Strolling Pere Lachaise

Two things I like: a good door, and a good cemetery. So on my trip to Paris two weeks ago, I hopped a bus out to Pere Lachaise.

I didn’t know much about it other than that it is large (110 acres, the largest cemetery in Paris), that it is named for the priest who had to hear the confessions of Louis XIV, and that some famous people are buried there.

The day was warmer than my photos might lead you to believe, but there was a definite melancholy air at Pere Lachaise, not lifted at all by the fact that an actual funeral procession was going by as I entered. (If you’ve got the €, Pere Lachaise is still taking…residents.)

Trying desperately to get my head to stop alternating between “Do You Hear the People Sing?” (no, really, watch the link and then tell me which Valjean is your favorite: I’m going with Norway and, hello, Ireland)  and that song about the bells from Disney’s Hunchback of Notre Dame, I began walking along to Rick Steves’s podcast tour*. The RS tour begins not at the main gates, but at gates near the Gambetta Metro stop, exiting through the main gates. This route offers the distinct advantage of making the walk mostly downhill.

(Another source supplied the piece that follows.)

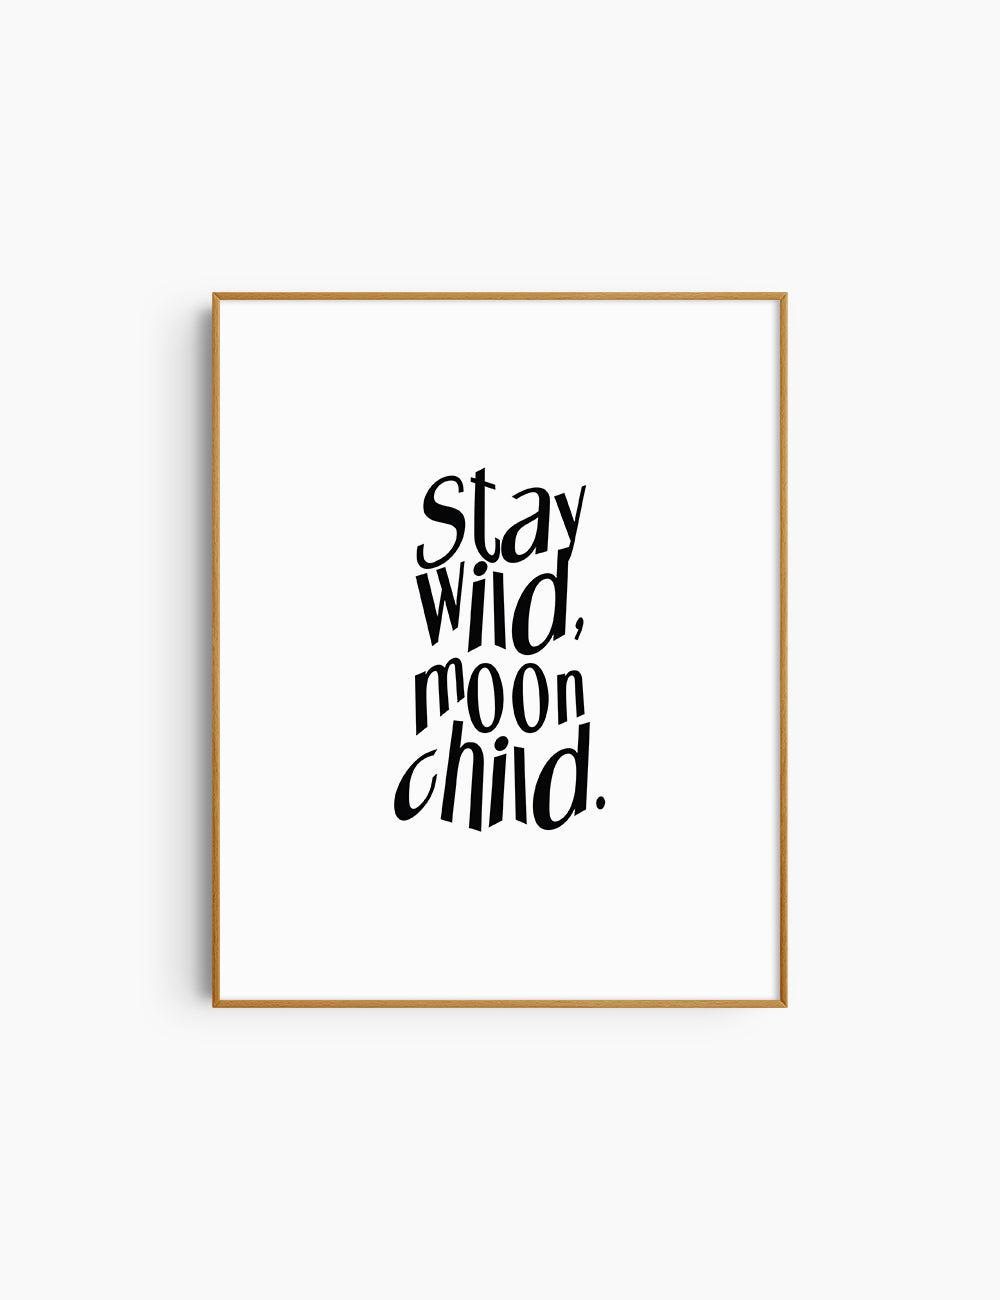 STAY WILD, MOON CHILD. Black and White. Printable Wall Art Quote.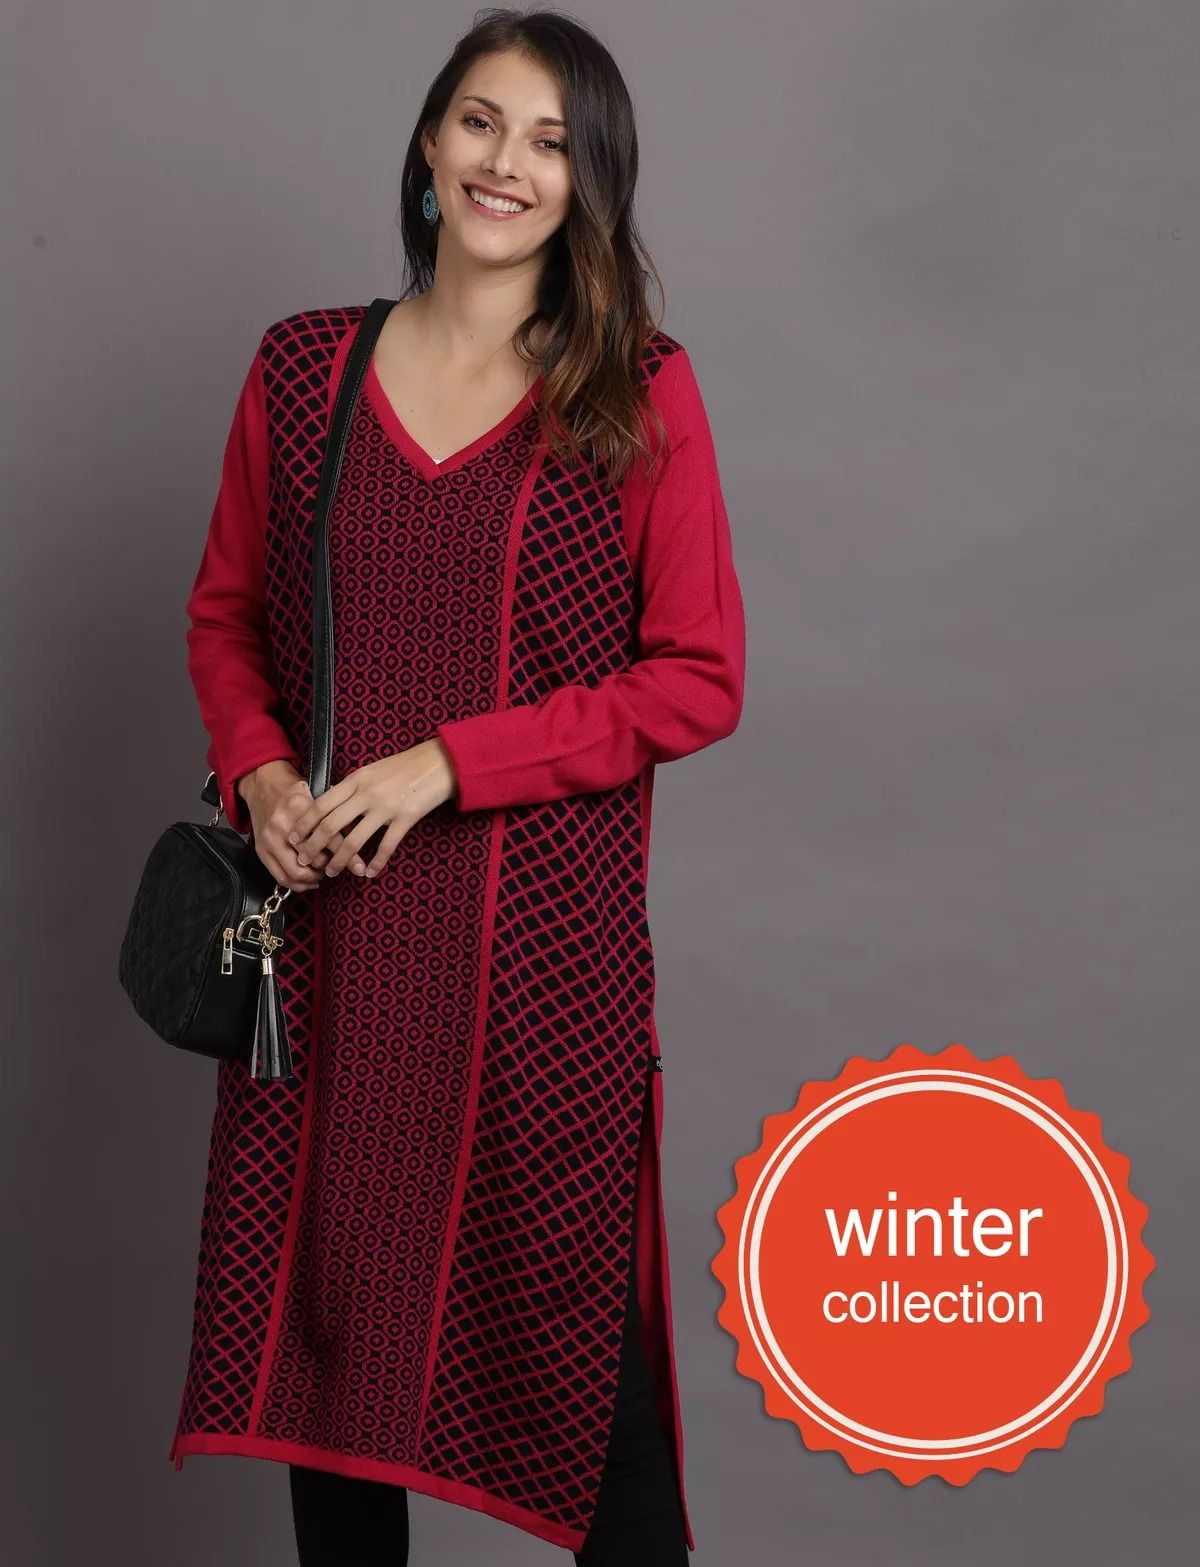 Shop Winter Suits for Women Online at the Best Price | Libas

It was mid-afternoon and there were small tourist clusters moving all around the grounds, but it didn’t take me long to decide that Pere Lachaise had a creepy vibe: definitely more graveyard than cemetery. It felt older than it truly is (opened in the 1800s), with some of the monuments run-down or looted. Although you couldn’t pay me to spend time there after dark, it’s plain that someone does it.

The paths—some paved, some dirt—meander over acres and acres, sometimes in a grid and sometimes in a maze of tombs. Without a map or a guide, I don’t think you’d have much luck finding the “highlights.”

Seriously, tell me this cat is not giving you the willies.

But thanks to my audio guide, I quickly found myself dropping in on personages including Oscar Wilde, Moliere, Gertrude Stein, Edith Piaf, Frederic Chopin, and—the only one with a private guard—Jim Morrison. The Doors’s frontman’s posthumous muscle prevents graffiti on his plot, but has no problem with devotees leaving flowers or gum. (Did you know that Jim Morrison died in Paris, and that he was only 27? I did not.)

Tomb of Jim Morrison

At the tomb of Oscar Wilde, I sensed the vindication of all high-school English teachers as I read the following note:

Wilde’s tomb is one of the most popular in the cemetery, and has had such encounters with lipstick over the years that it was refurbished recently, and encased in glass. The writer died in Paris in 1900.

Tomb of Oscar Wilde

Tomb of Moliere

Tomb of Chopin

After about two hours’ wandering, I was ready for a warm cafe. I felt inspired by the heavy artistic presence at Pere Lachaise, but it didn’t feel welcoming in the way Milan’s Monumental Cemetery did, or spiritually peaceful like Mt. Auburn. Doing some research afterward I saw photos of Pere Lachaise looking more park-like in flowers and green grass. But for me, I think my one-time February wander will suffice.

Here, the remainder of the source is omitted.